Which reminded me of the many times I encountered the dish in restaurants across Chennai, and across the country. There was only one place where the experience was enjoyable...
::
In Besant Nagar, up narrow stairs, (somewhere on the street something says - or said - Panama?) there is a little restaurant called Eden.
Even though we always visited at night, I have the impression that it had an airy feel. I do recall large framed cross stitched pictures of vegetables around the wall, one at each table.
It is a vegetarian "western" restaurant, specializing in various types of bakes, some using "English" vegetables. (Speaking of which, I remember finding one greengrocer who carried some courgettes/baby marrows/zucchini and celery along with a few other odds and ends close to Pondy Bazaar and Nalli's.)
There were other items on the menu as well, but right now I can't recall them, crowded out by too many memories of the various bakes I had come across.
Beyond Spencer's Plaza, further north on Anna Salai, is Mathura (which I think is part of the Woodlands restaurants.) In the Tarapore building, mpo confirms. They had an interesting bake as well, along with the "Cream of Vegetable soup," the standard bland white concoction with a few peas, diced carrots and corn(?) floating in it, and the ubiquitous Cream of Tomato soup.

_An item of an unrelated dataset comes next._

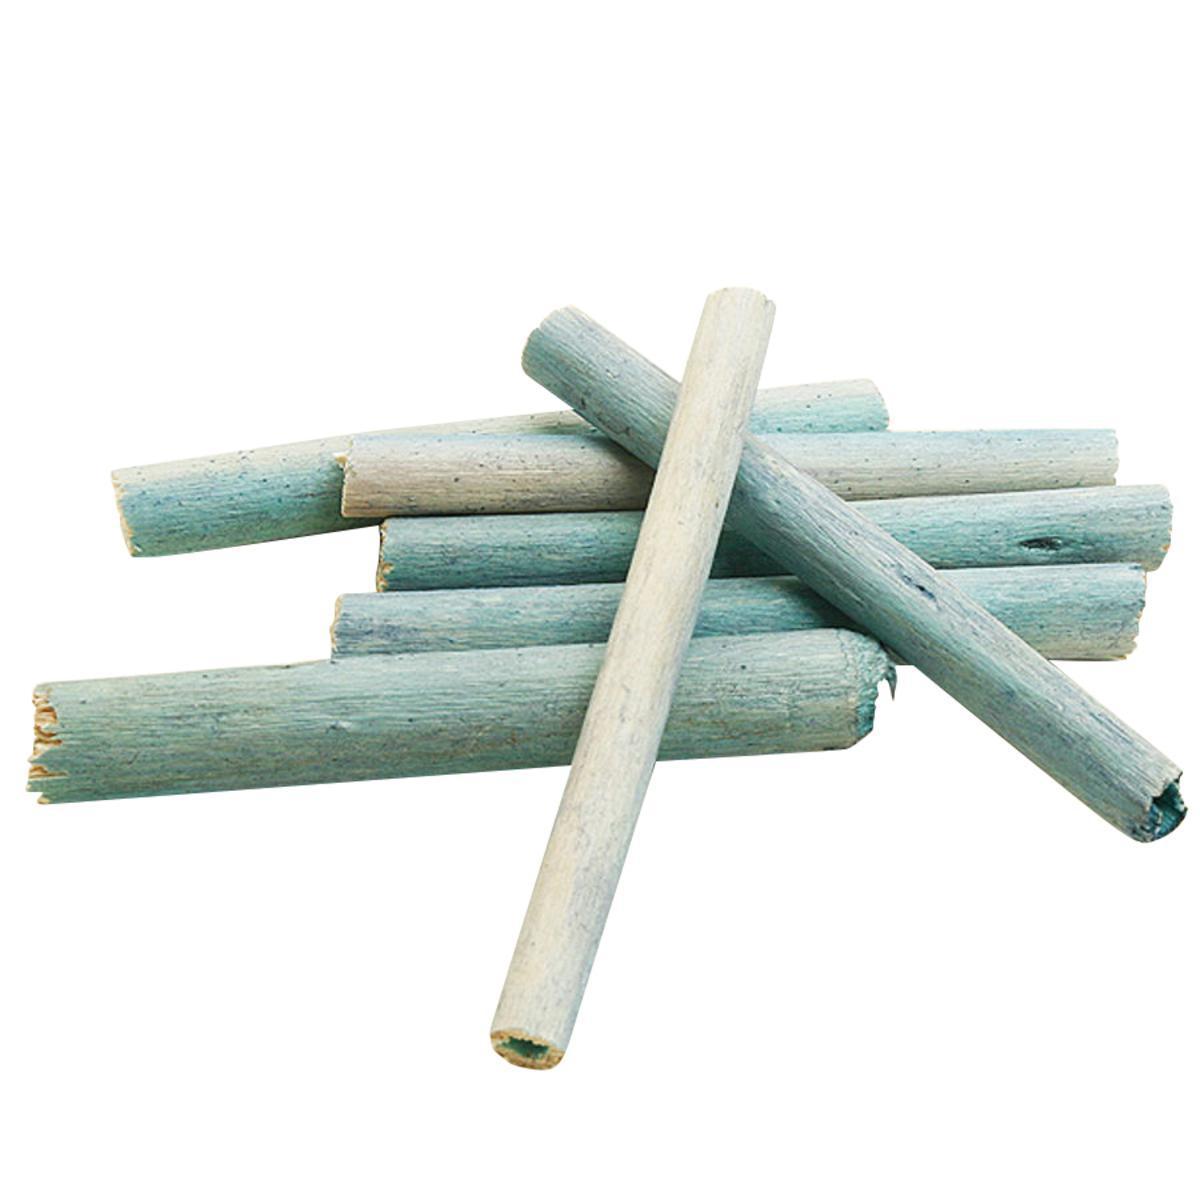 20 bâtonnets décoratifs - Bois - H 8 cm - Bleu turquoise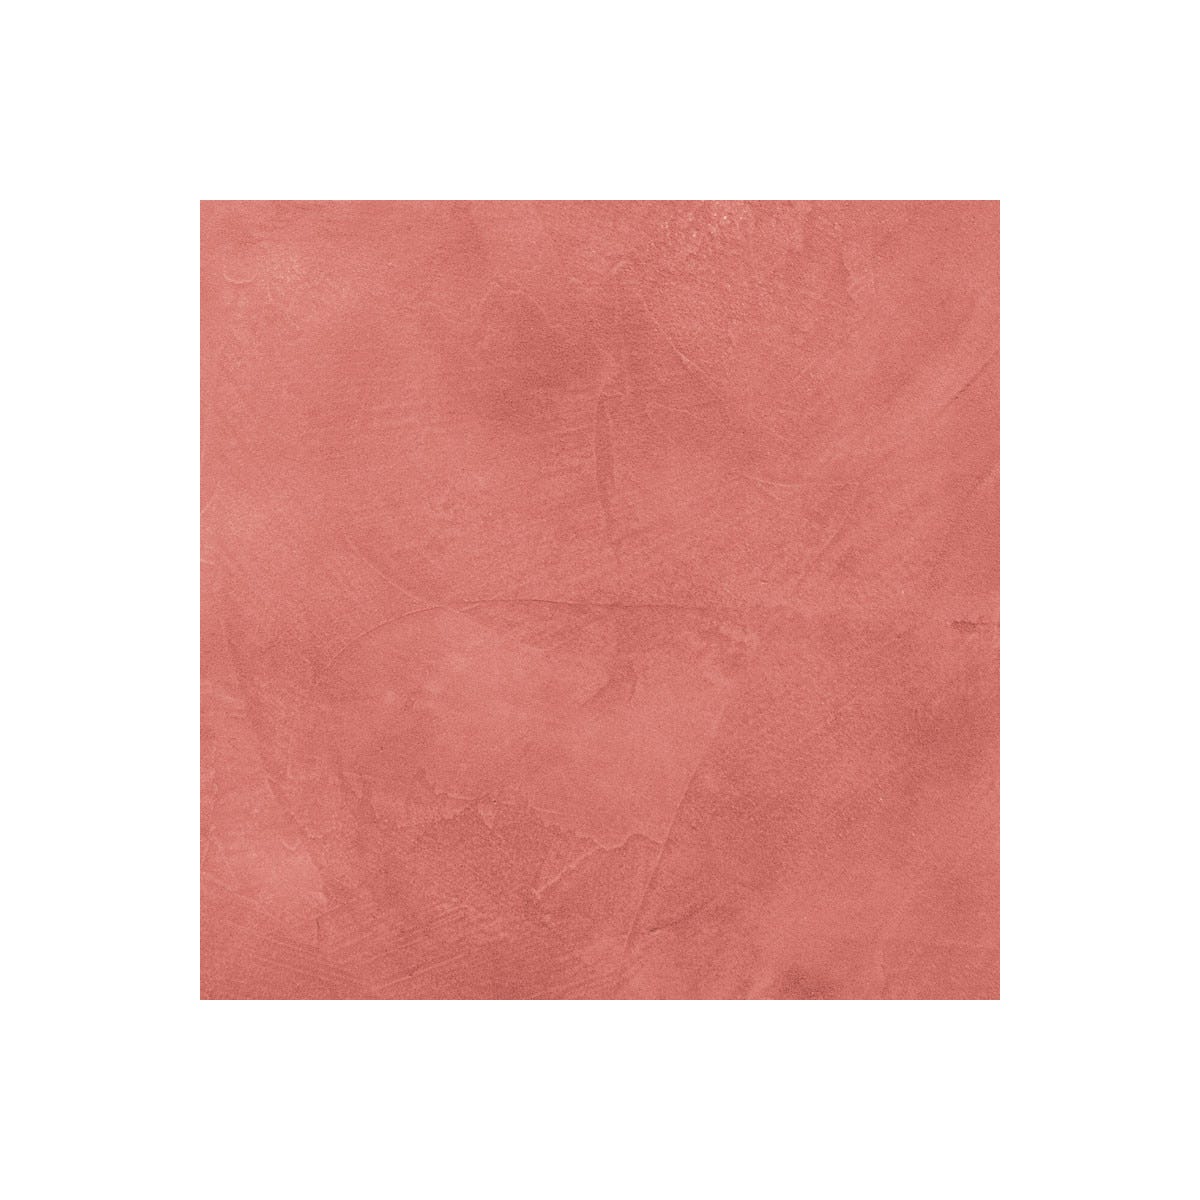 Béton Ciré Sol en - Primaire et vernis de finition inclus - 5 m² (en 2 couches) - Papaye Rose Orange - ARCANE INDUSTRIES 1

I don't know whether the latter still counts as "western," since just about every place in Chennai that offers a North Indian thali starts you off with this "tamater ka shorba," never mind that it came from the Maggi packet moments before.
And on the topic of soups, I remember how we giggled when in the more up market mughlai restaurants like the formal one in GRT Grand Days, the menu offered Sambar and Rasam under the Soups heading.

::
Nancy replies with the name of the green grocer - Kennedy Vegetable Stall in Panagal Park, and the news that English vegies are now more freely available. This sets me off on another meandering.
::
That's the place!
After a weekly trip there I'd slice the zucchini thinly, saute it with onion and then use milk and maggi mushroom soup to make it into a creamy sauce. Serve it with whatever pasta I could scrounge at that stage in Food World (NOT the Ramen noodle kind) and amaze the people at work with the "western" tastes. (Oh, did I mention adding the obligatory karam?)
We never bought an oven, but we selected the stove with the "grill" between the two burners. It had a little glass window and a doll-size tray that would fit two slices of bread - if they're really cozy. Since the heat came from the top it would broil the dish - got some nice (but minute) gratins. Unfortunately that was the first part of the stove that broke - the two gas burners are still working.
::
These past few days since I have found Nancy's blog has been an amazing walk down memory lane for me. I am getting so homesick for India that I can cry. It has been three years since I have been there, and I am finding that I miss it more and more every day, and yet I have spent only a couple of years there. By contrast it is only some of the people that I miss of the country I was born and raised. India has a way of settling very firmly in one's heart.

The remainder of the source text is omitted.